Date: August 15, 2024
Contributors: Abuzar Mahmood, abuzarmahmood
PR: https://github.com/katzlabbrandeis/blech_clust/pull/204
The workflow management system was significantly improved in the PR released on August 15, 2024 titled, “45 workflow management – only run next step if dependencies have been fulfilled.” This PR aimed at enhancing the efficiency and reliability of the Blech_Clust pipeline.
A total of 21 files were changed with 413 additions and 28 deletions, predominantly in Python and JSON. The key files affected were blech_clust.py
, blech_common_avg_reference.py
, blech_exp_info.py
, blech_make_arrays.py
, and blech_make_psth.py
.
The core change was the introduction of a pipeline graph check in the workflow management system. This new feature ensures that the next step in the pipeline is only run if its dependencies have been fulfilled. Here is a snapshot of the code diff for blech_clust.py
:
diff --git a/blech_clust.py b/blech_clust.py
@@ -13,7 +13,7 @@
# Necessary blech_clust modules
from utils import read_file
from utils.qa_utils import channel_corr
-from utils.blech_utils import entry_checker, imp_metadata
+from utils.blech_utils import entry_checker, imp_metadata, pipeline_graph_check
The pipeline graph check is performed by importing pipeline_graph_check
from utils.blech_utils
. The function check_previous(script_path)
checks if the previous scripts in the pipeline have been successfully executed and write_to_log(script_path, 'attempted')

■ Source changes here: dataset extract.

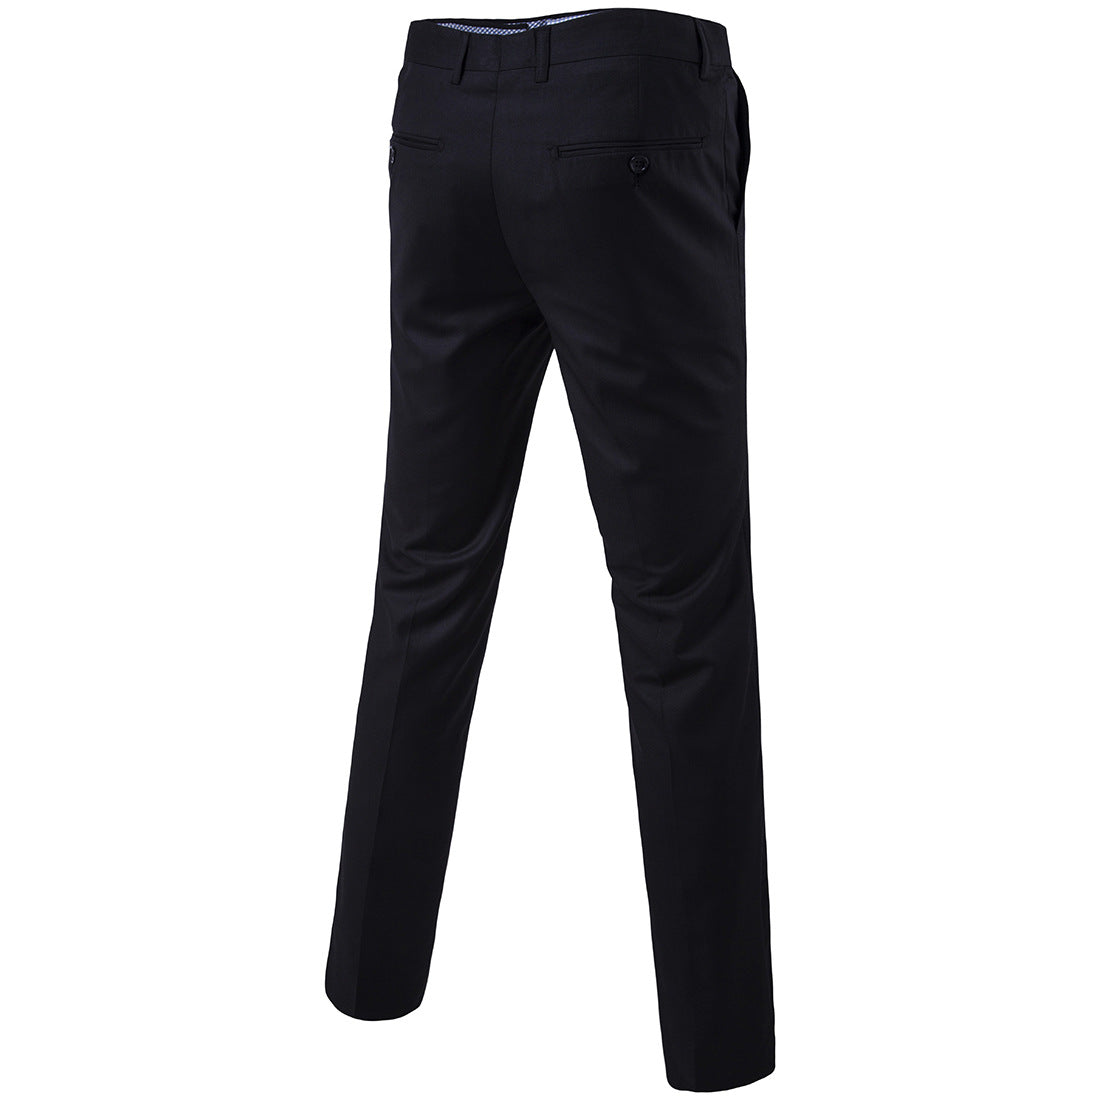 LANBAOSI Men's Classic Slim Fit Solid Business Trousers LANBAOSI
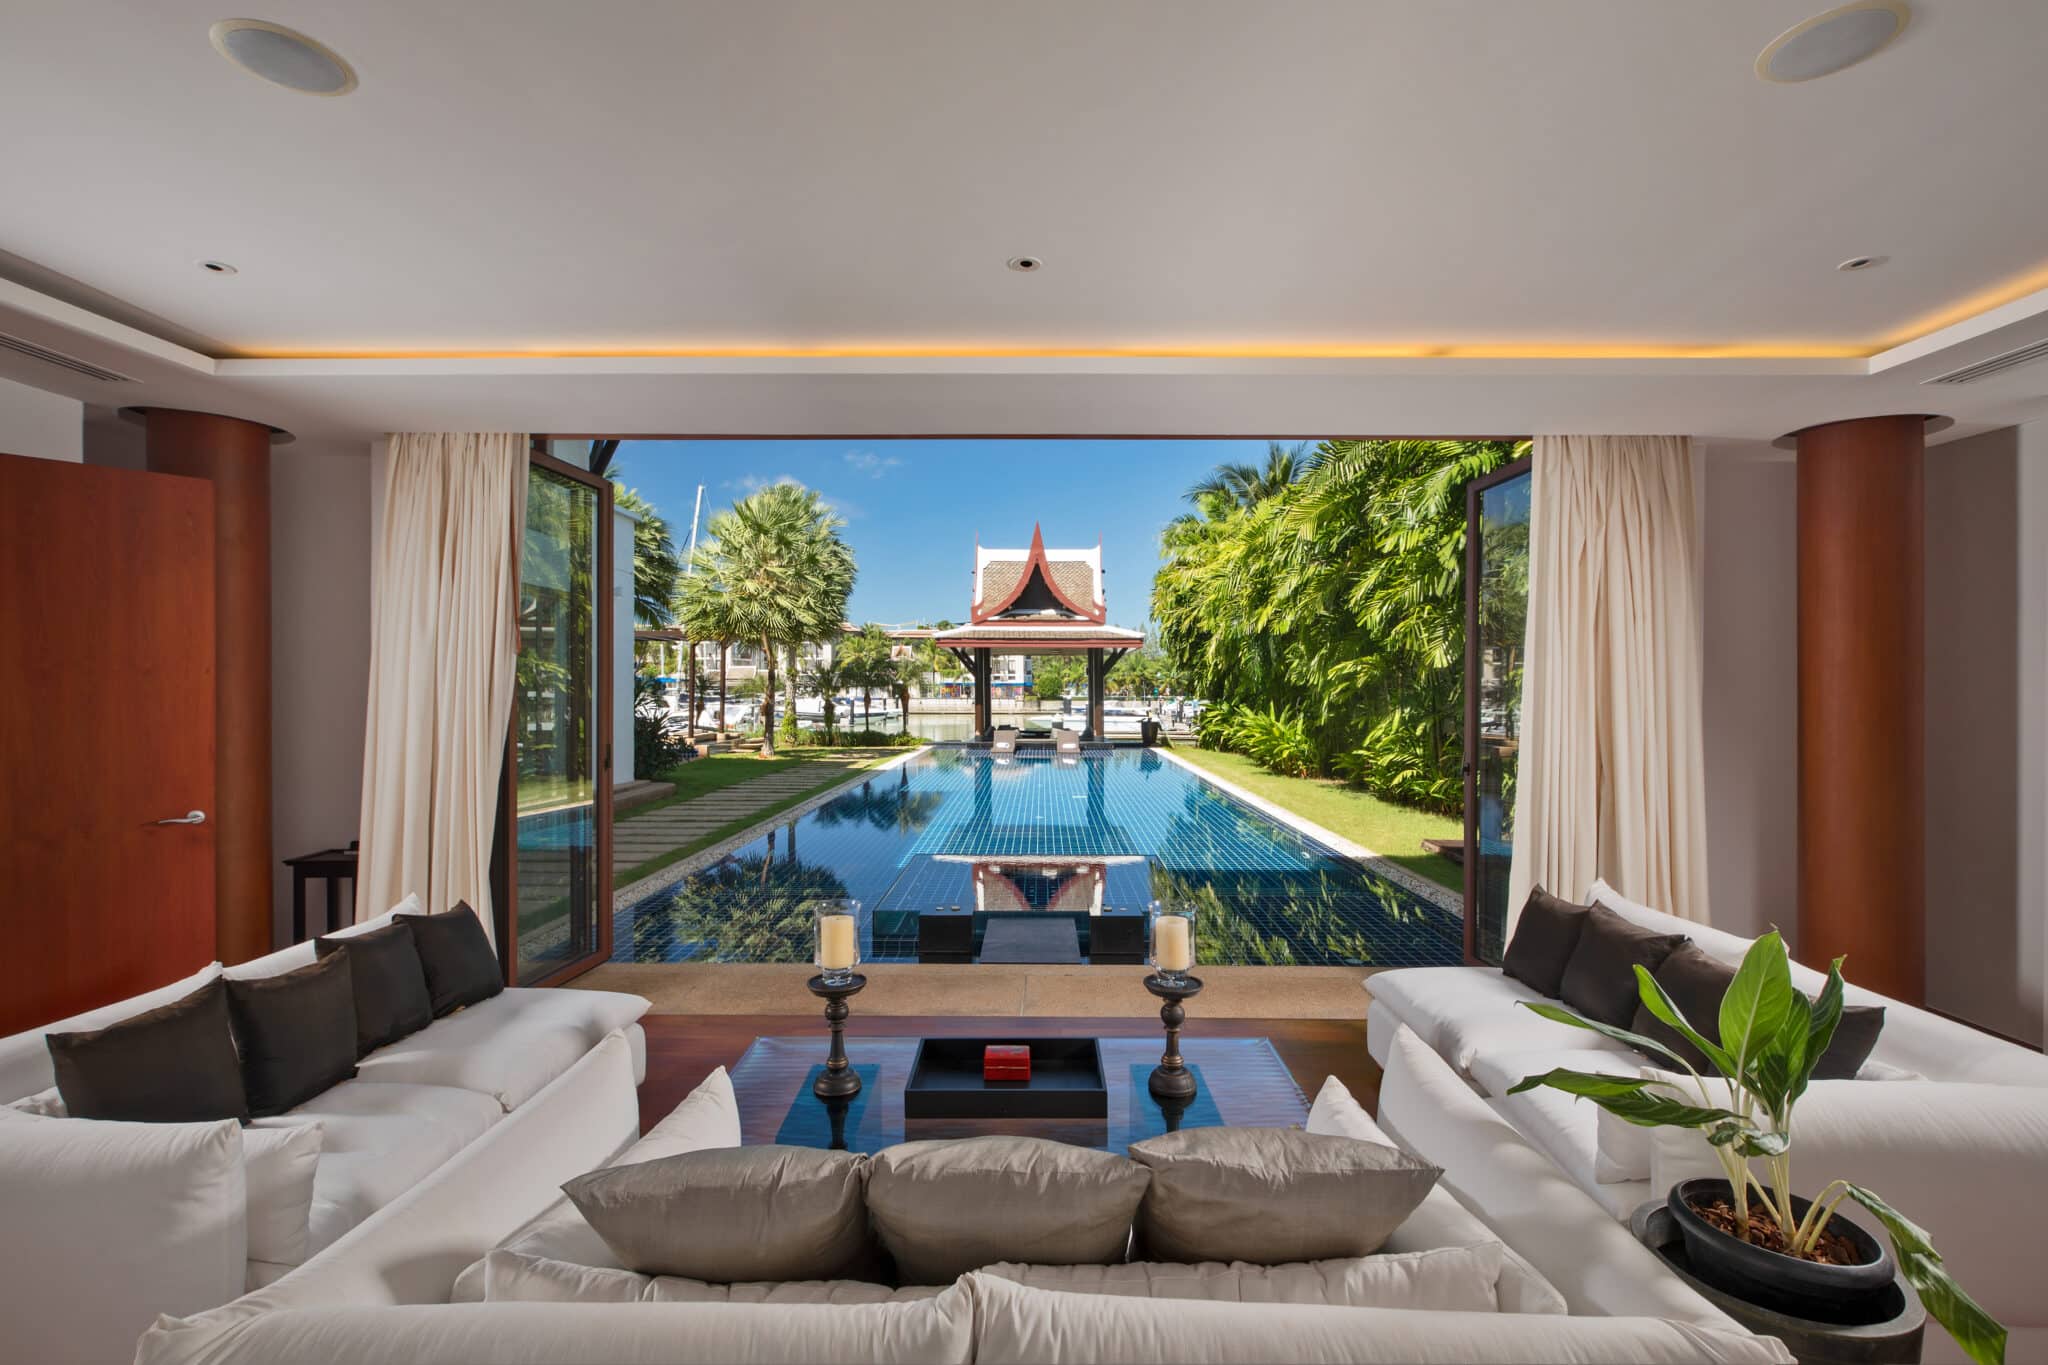 Royal Phuket Marina - The Royal Villa with Private Dock for Rental and Sale

logs the attempt of the current script. After successful completion of the script, write_to_log(script_path, 'completed')
writes the success to the log.
Similar changes were introduced in the other key files.
These changes bring about a significant improvement in pipeline efficiency by preventing the pipeline from executing steps whose dependencies are not fulfilled. This minimizes the risk of errors and maximizes the use of computational resources.
In addition, the detailed logging of each step in the pipeline aids in debugging and tracking the progress of data processing. It allows users to easily identify any issues within the pipeline and fix them promptly.
This PR brings about a marked enhancement in the workflow management of the Blech_Clust pipeline. It significantly improves the efficiency and robustness of the pipeline, making it more user-friendly and reliable. As the Blech_Clust project continues to evolve, these changes provide a strong foundation for future improvements and additions.